Back in April 2013, the UKIPO published a consultation paper on introducing a “superfast” 90 day patent.  Following on from the consultation, the Government has now responded and  indicated that the scheme will not go ahead.

This might seem like a blow to industry.  Long Patent Office backlogs are a common source of frustration, meaning that there is a prolonged period of legal uncertainty before the scope of protection and the possibility of launching legal action is confirmed.  There is no question that reducing these backlogs and providing a speedier service would be a “good thing”.

However, in this case while a “90 day patent” made for a good headline back in April, I have to agree that on balance the decision not to go ahead with the change was correct.

Let’s start with some context – at present, the total official fees required in order to obtain a UK patent are £230 (assuming use of the industry standard electronic filing tools).  This covers the application, search and examination fees.  The first annual renewal fee (costing £70) is due four years from the filing date.  The proposed fee for the superfast service was indicated as being between £3500-£4000 in addition to these standard fees.

At present, there are already various options to accelerate the normal processing of UK patent applications.  “Normal” acceleration is not available automatically.  There must be some specific reason given to justify acceleration and the Office does not have to grant a request for acceleration.  However in practice I have always found it straightforward to obtain acceleration for my clients.  For example, a start up company trying to raise funds will usually qualify, or a company but with a specific need to obtain grant in order to compete against a third party or to guard against some potential infringement will also usually qualify.

In addition, there is a “green channel” that provides acceleration for any invention that shows an environmental benefit.  This requirement is also in practice applied quite broadly.  None of these acceleration options involve any additional official fees.

When acceleration is permitted, the UKIPO are good at turning the applications around quickly, and if the applicant responds promptly to any objections raised it is possible to have an application granted in 9 months or less.

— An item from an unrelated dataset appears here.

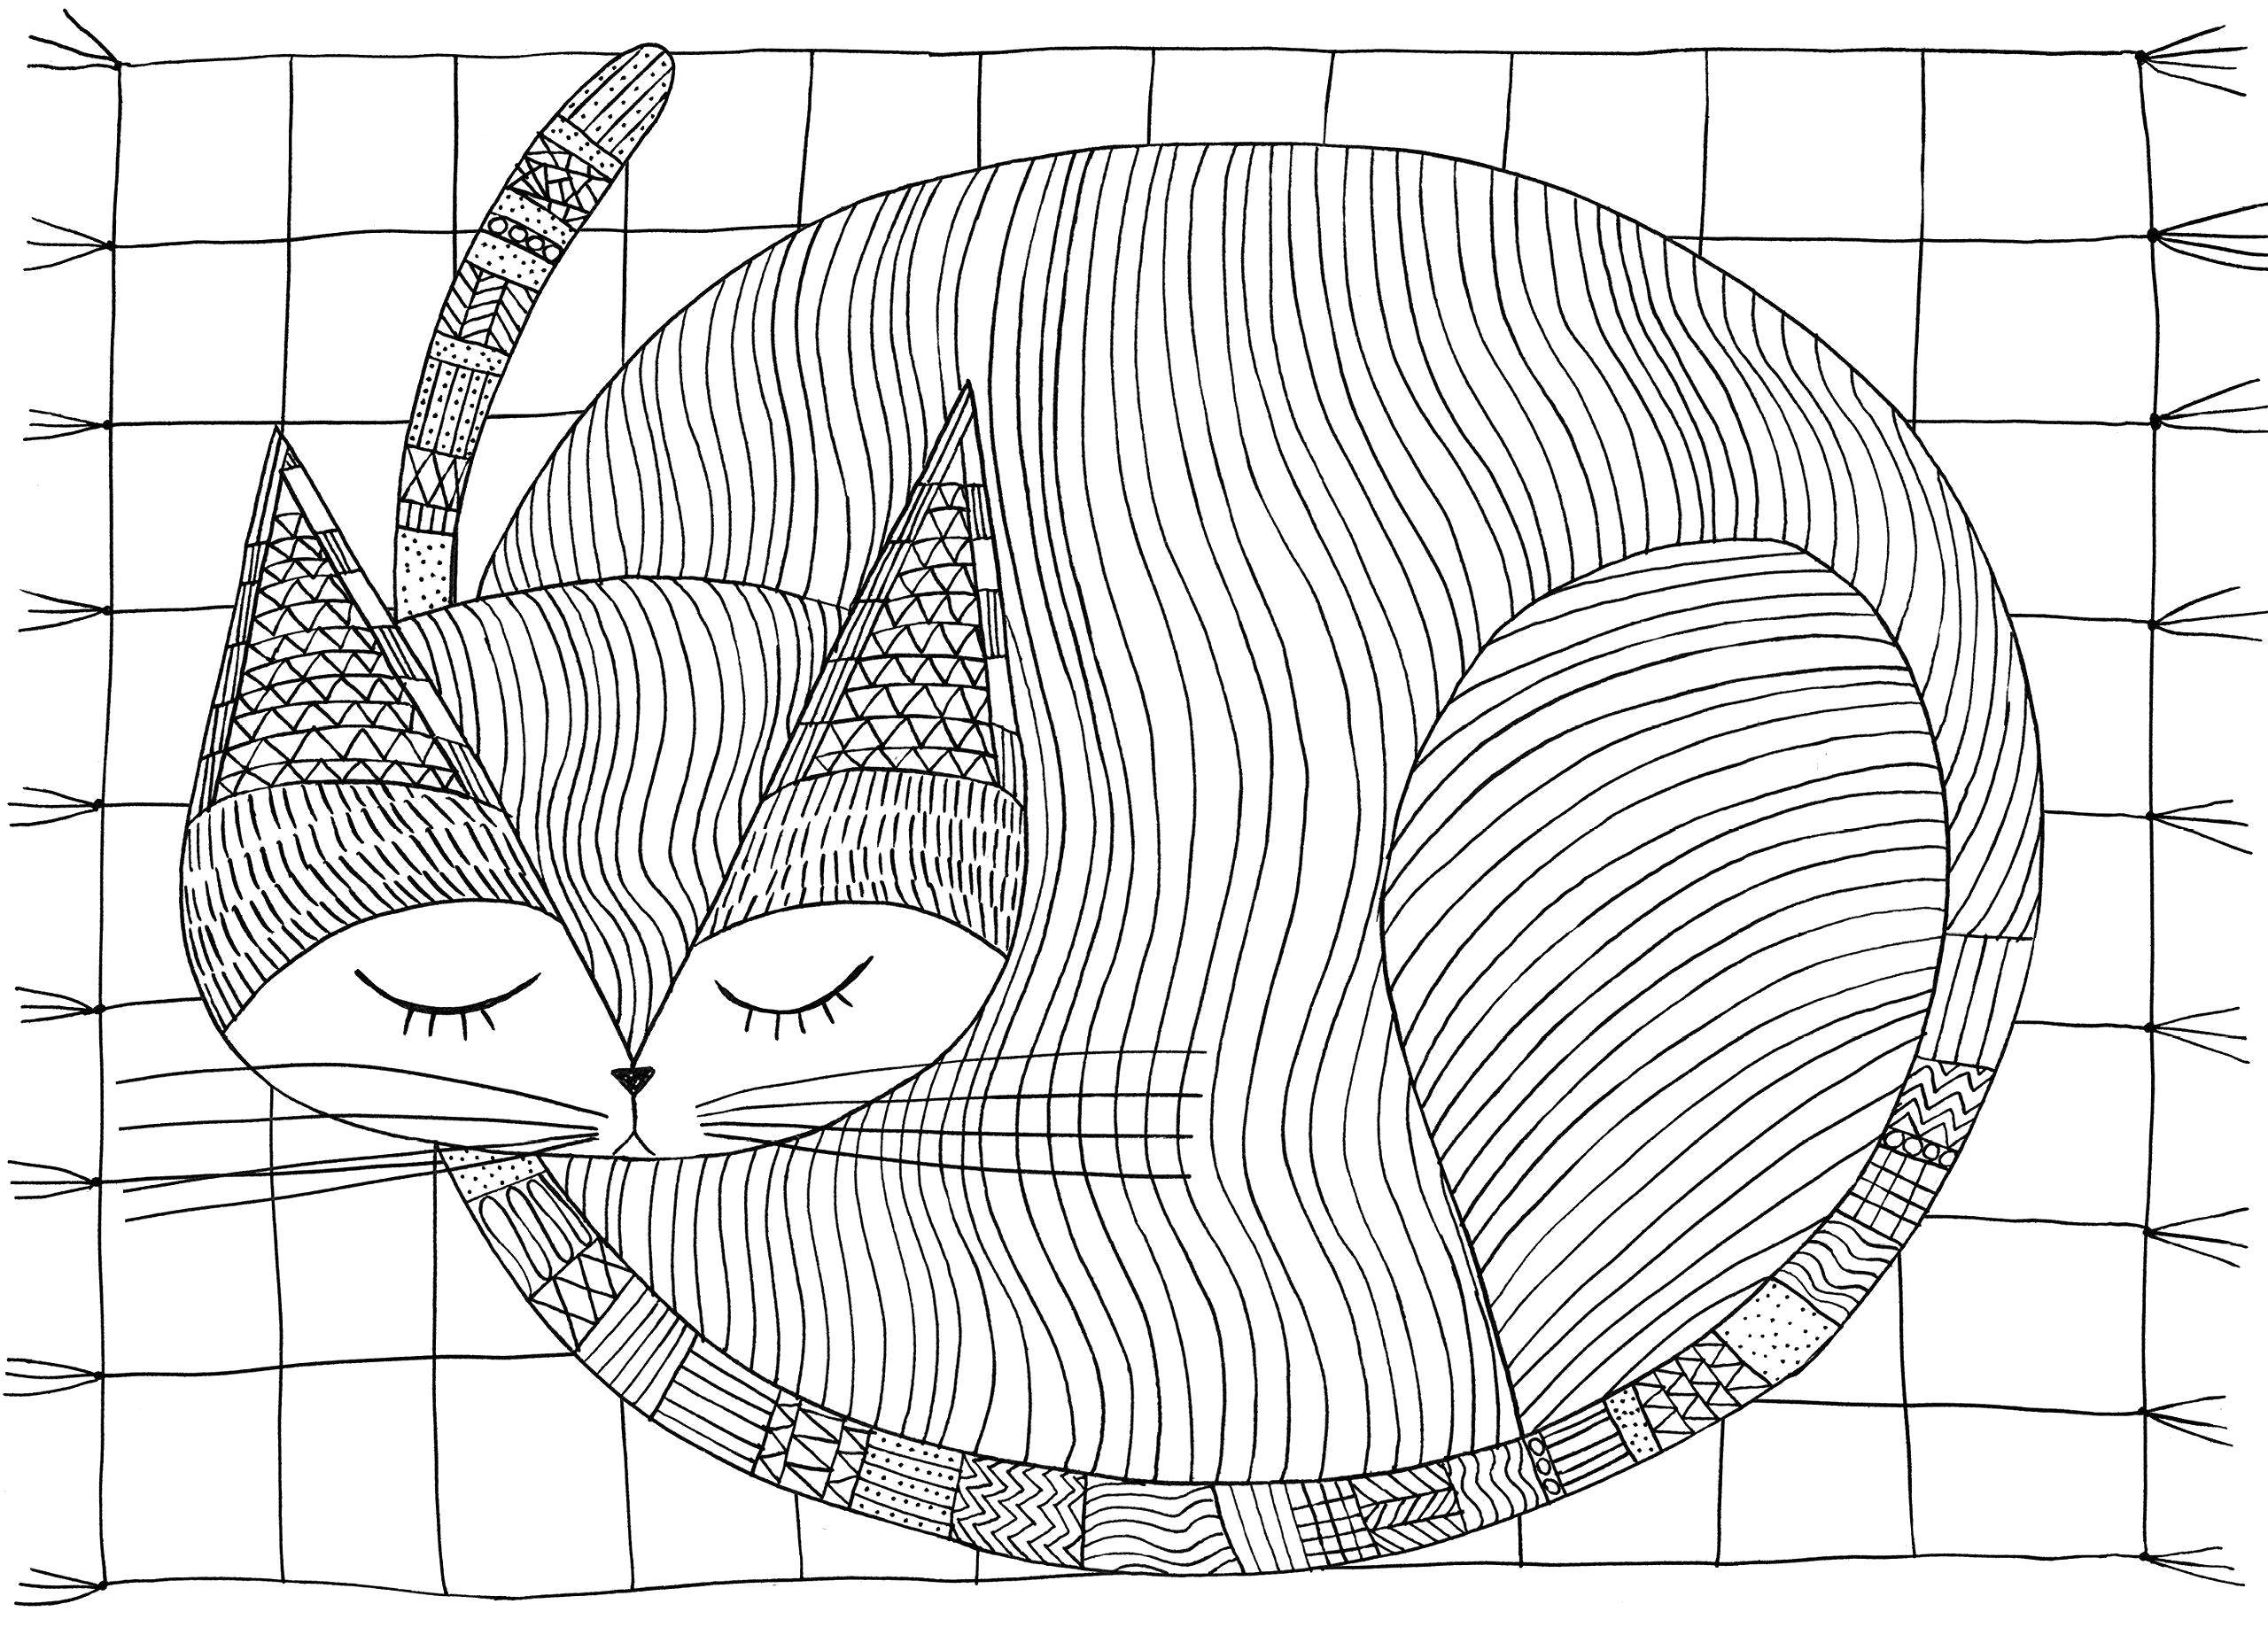 Coloring Cat from geometric patterns sleeping on the carpet. Category patterns. Tags:  Patterns, geometric, animals , cat.

These existing services are actually very good, and in my view the problem with the proposed superfast patents would have been the potential effect on other, non-“superfast” applications.  First of all, the UKIPO has limited resources and so the processing of superfast applications could impact on the performance of “regular” acceleration.  But at a more fundamental level the introduction of a much increased fee for superfast acceleration could create pressure for additional fees to be levied for regular acceleration services, or create pressure for “regular” accleration to be refused in cases where it is discretionary, with a practice to push applicants to take on the superfast route.

Therfore, I am grateful that this decision confirms the existing acceleration services will be maintained and the UKIPO’s services remain to be good value for money.